Our CPU implementation (`pauli.cpp`,  $\sim$ 436 lines) uses `std::map<PauliWord, Complex>` for automatic deduplication. It processes gates in reverse order, applying conjugation rules sequentially with weight-based truncation after each non-Clifford gate. Time complexity is  $O(N \cdot D \cdot (q + \log N))$  where  $N$  is word count,  $D$  is circuit depth, and  $q$  is qubit count.

The main difference between CPU and GPU implementations: the CPU version uses a hashmap to keep track of all words (enabling automatic deduplication), while our GPU version uses raw arrays that can be operated on in parallel where each thread handles a single Pauli word.

### 3.4 GPU Memory Layout

We use the following constants throughout our memory analysis:

- $q$  = number of qubits in the quantum circuit
- $T$  = threads per thread block (256 in our implementation)
- $B$  = maximum number of thread blocks (400 in our implementation)

Note that each Pauli term is one byte, and a Pauli word has  $q$  terms, so each Pauli word occupies  $q$  bytes. The coefficient is 2 doubles to represent a complex value, so 16 bytes for each Pauli word as well.

#### 3.4.1 Shared Memory Organization

Each thread block had its own shared memory it used to actually perform the gate operations, and crucially rearrange and count the Pauli words remaining after truncation. This meant each thread block ultimately required:

- **Pauli word storage:**  $2 \times T \times q$  bytes—each thread started with one word and could finish with two after a rotation gate
- **Coefficient storage:**  $2 \times T \times 16$  bytes for the complex coefficients
- **Prefix sum buffers:**  $T \times 8$  bytes—we used the exact prefix sum implementation from Assignment 2 [6], just with `uint16_t` instead of a full `uint` to generate proper offsets for each thread to move each Pauli word to its new location

**Total shared memory per block:**  $(2q + 40) \times T$  bytes

This shared memory requirement ended up being the main barrier to getting more work done on an individual thread block. A critical function of shared memory is ensuring that valid Pauli words remain adjacent in memory after truncation, so future threads would automatically know what was a valid position.
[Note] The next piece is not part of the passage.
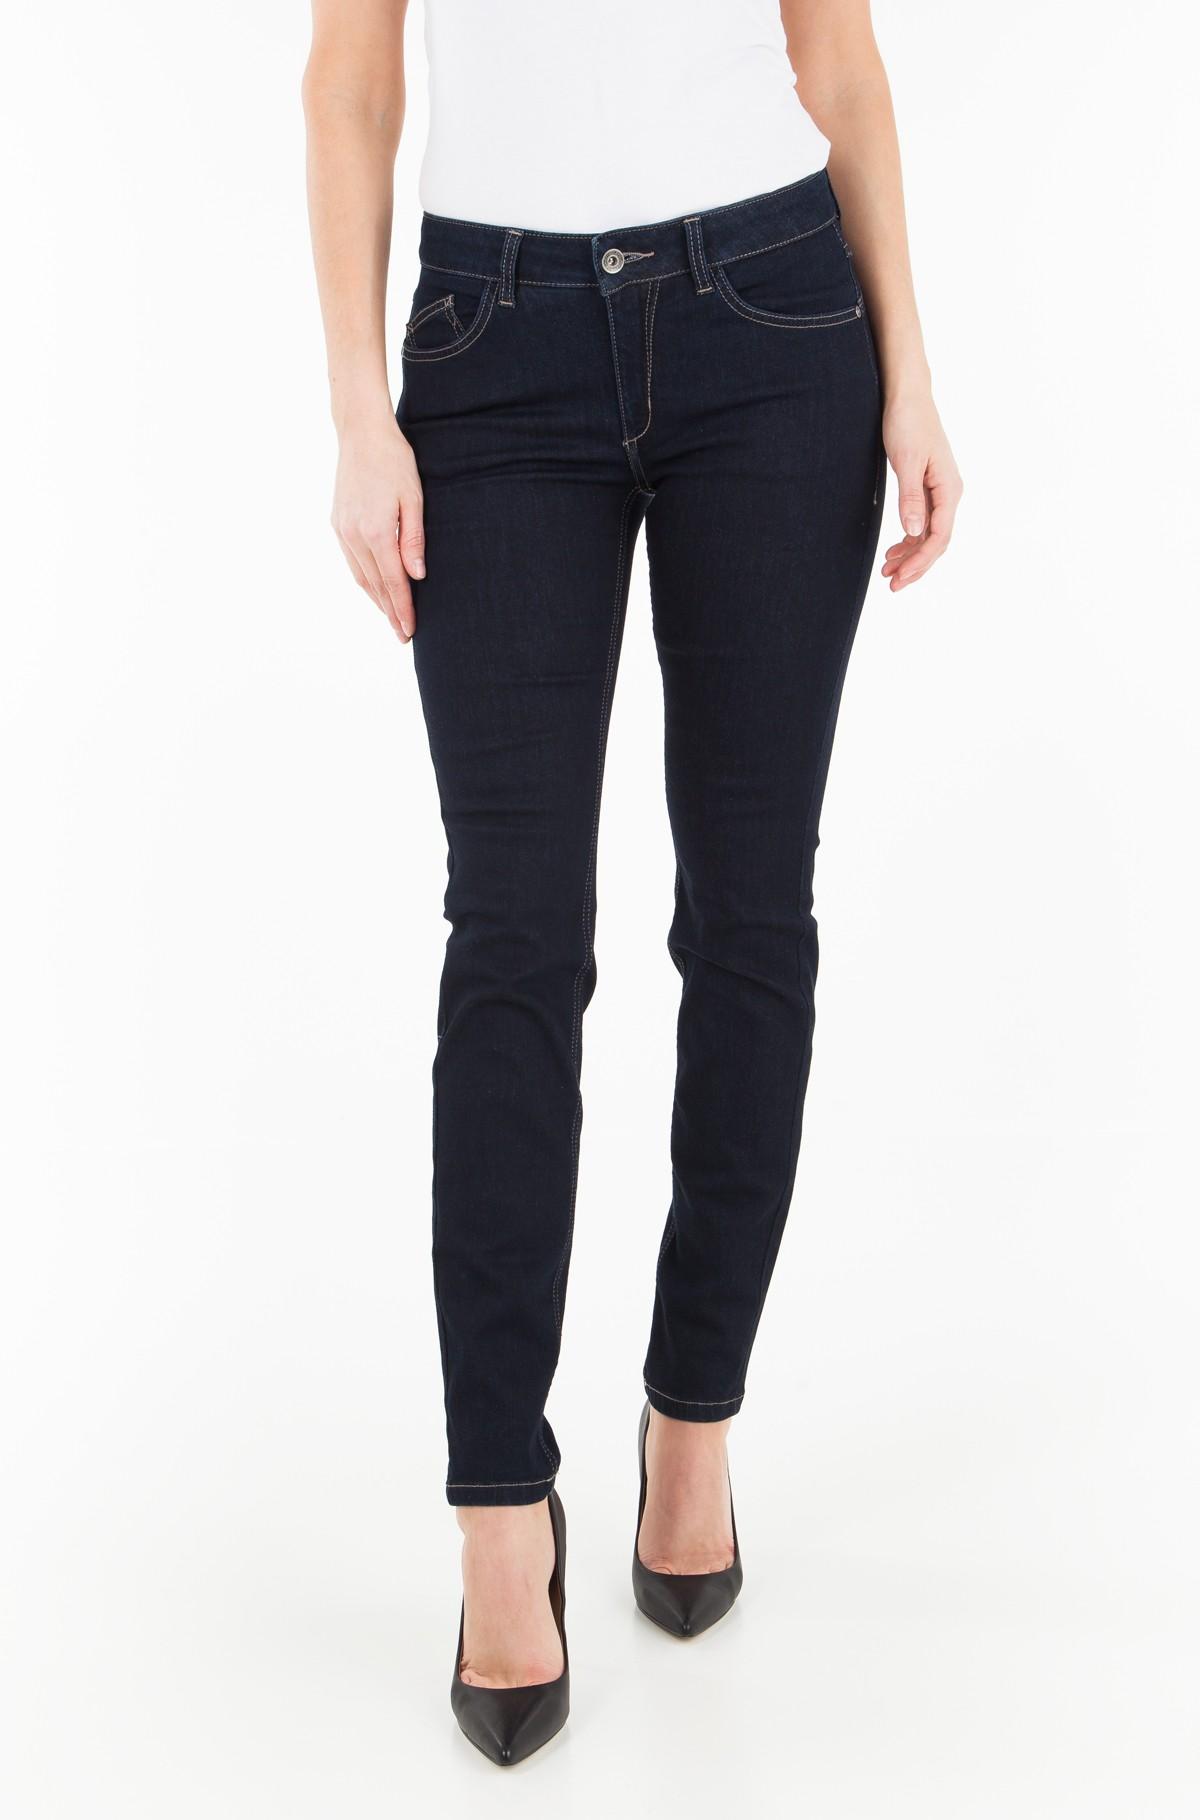 Džinsinės kelnės 50112-full-1
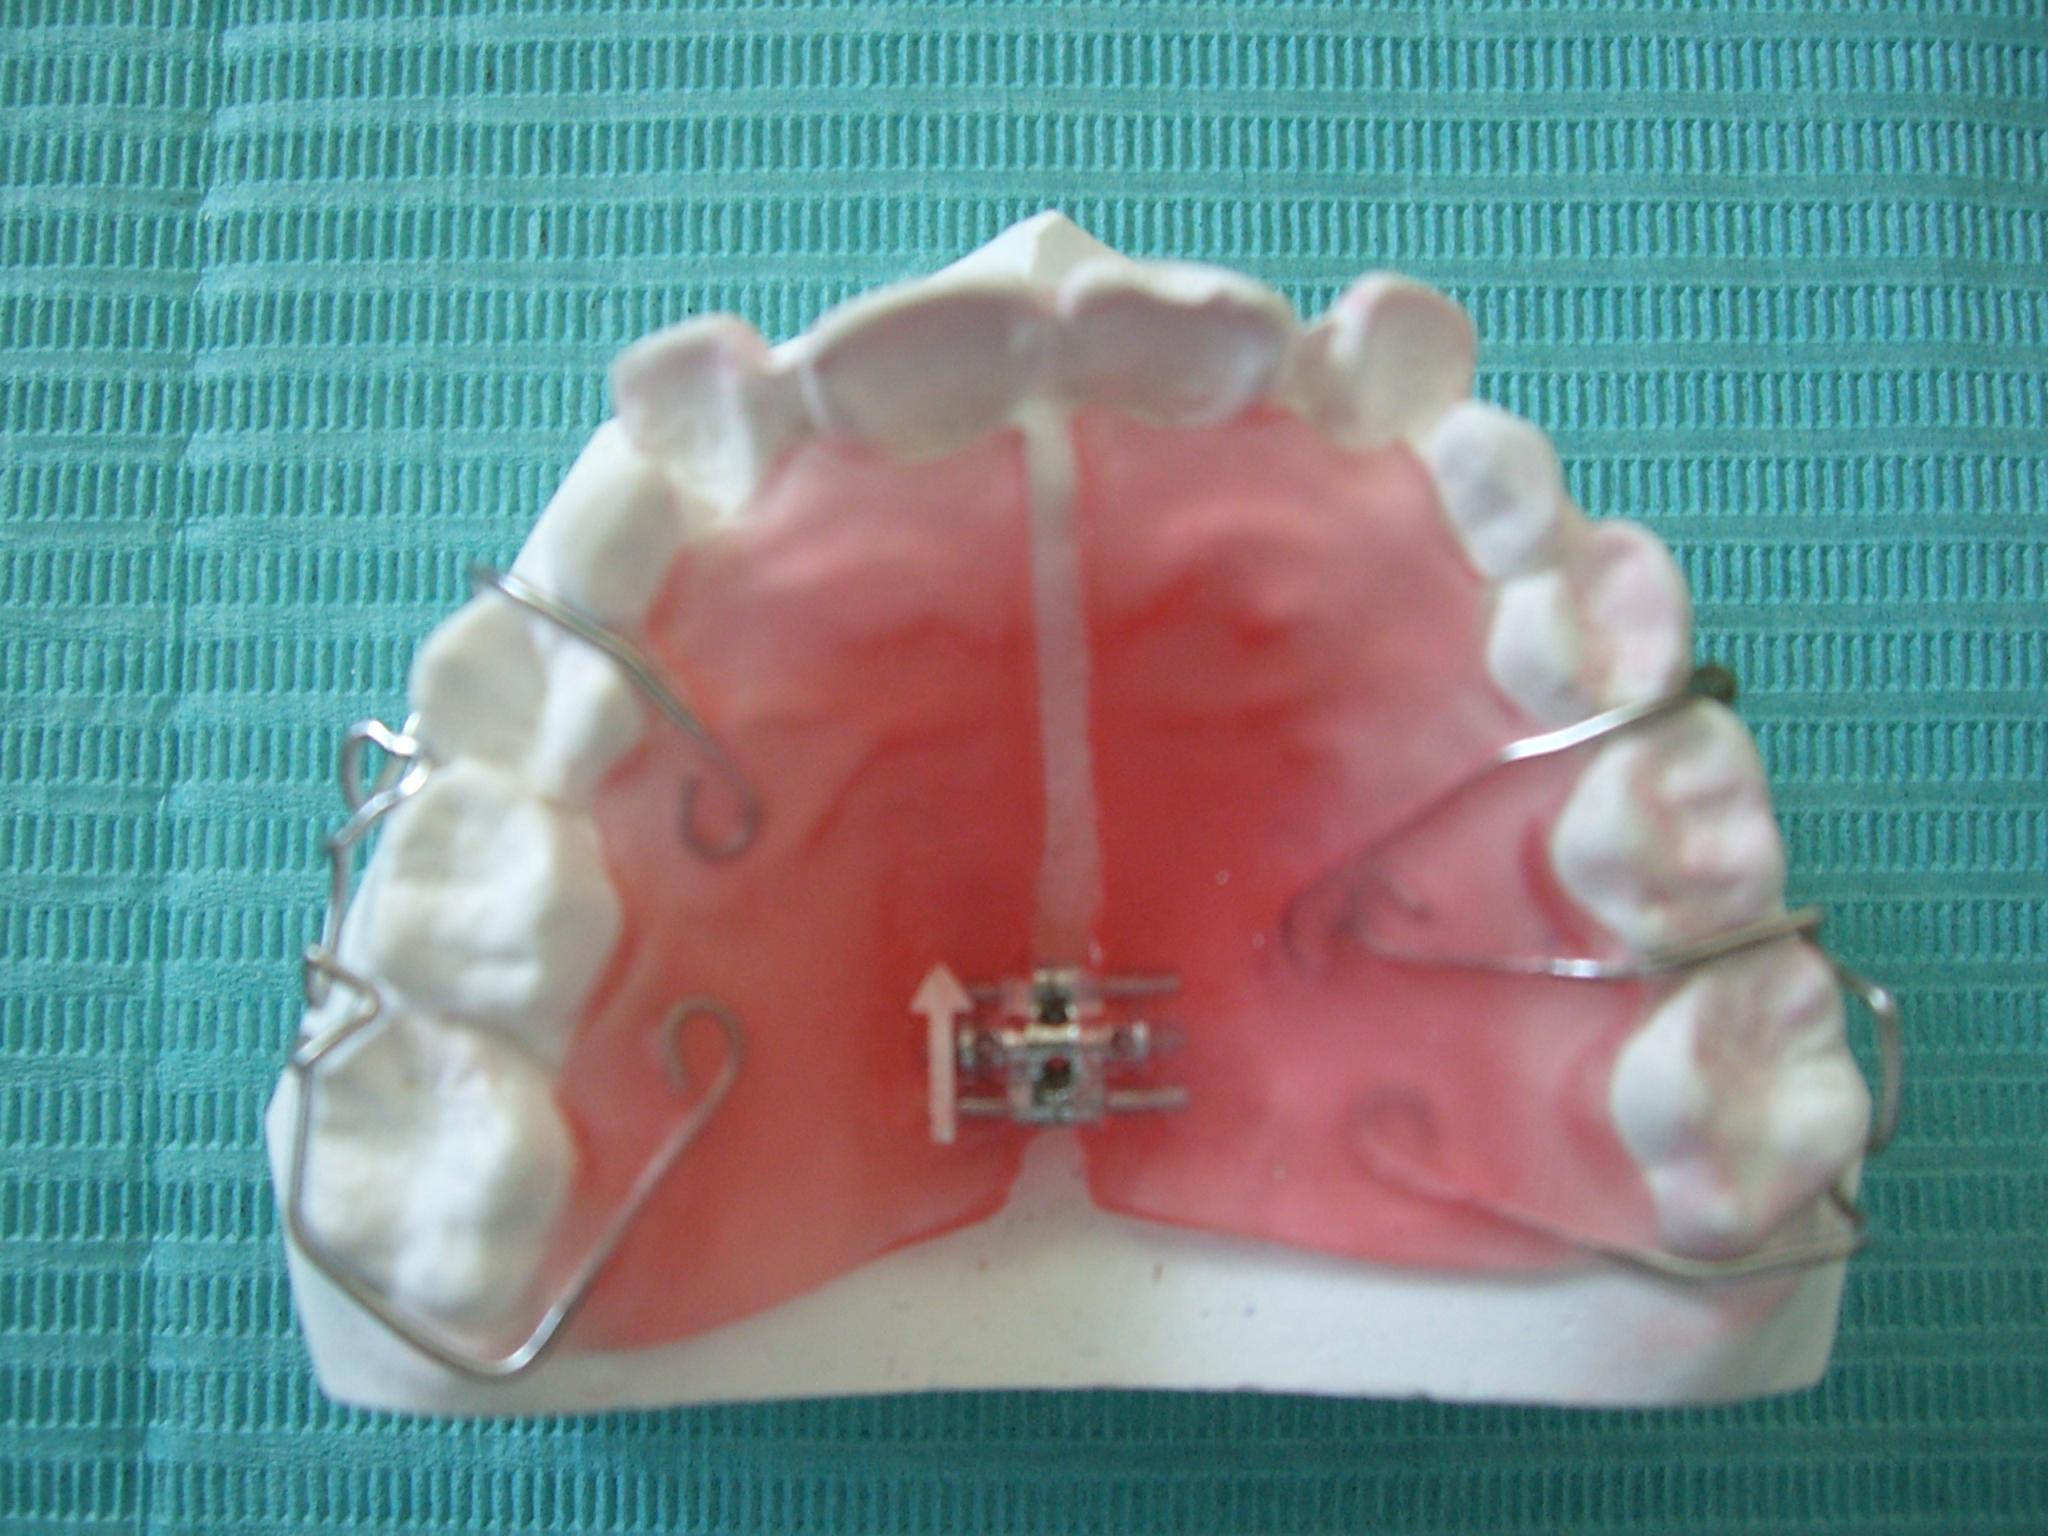 �@ この装置は取り外しが可能な装置で、側方に拡大したいときなどに使用します... 矯正歯科

### 3.4.2 Global Memory Organization

Global memory was laid out such that each potential thread block had its own region of a large array which it could read and write to without having to communicate with other thread blocks:

- **Pauli word array:**  $2 \times T \times q \times B$  bytes total. Because in the worst case (after a rotation gate), one might have to write  $2 \times T$  Pauli words, each block had a region of  $2 \times T \times q$  bytes it could write its shared memory to before exiting.
- **Coefficient array:**  $2 \times T \times 16 \times B$  bytes total, similarly partitioned.
- **Gate information:** Arrays storing gate types, what qubits they affected, and the angles of the rotation gates.
- **Word count array:**  $B$  integers where each thread block wrote to an individual index to communicate to future iterations how many Pauli words were in their section of global memory.
- **Gate index:** A single integer updated at each iteration to specify what index in the gate array should be started at.

**Key design principle:** Each block owns non-overlapping memory regions, eliminating inter-block synchronization during gate operations.

## 3.5 Mapping to GPU Hardware

We assign one CUDA thread per Pauli word, enabling parallel evolution of thousands of words simultaneously. Thread blocks of 256 threads process words in parallel, chosen to balance occupancy against shared memory availability.

For 10,000 words with 10 qubits:

- 10,000 threads total (one per word)
- $\sim 40$  thread blocks of 256 threads each
- Each block uses  $\sim 15$ KB shared memory
- Blocks execute independently across 46 SMs

## 3.6 Algorithm and Operations

Our algorithm matched the basic CPU implementation fairly closely. Initially, we only had a single thread block so that we could avoid inter-thread block communication altogether. However, as stated earlier, the large memory requirements meant that we could not actually operate on all that many Pauli words at a time (and thus got virtually no speedup compared to an unoptimized CPU).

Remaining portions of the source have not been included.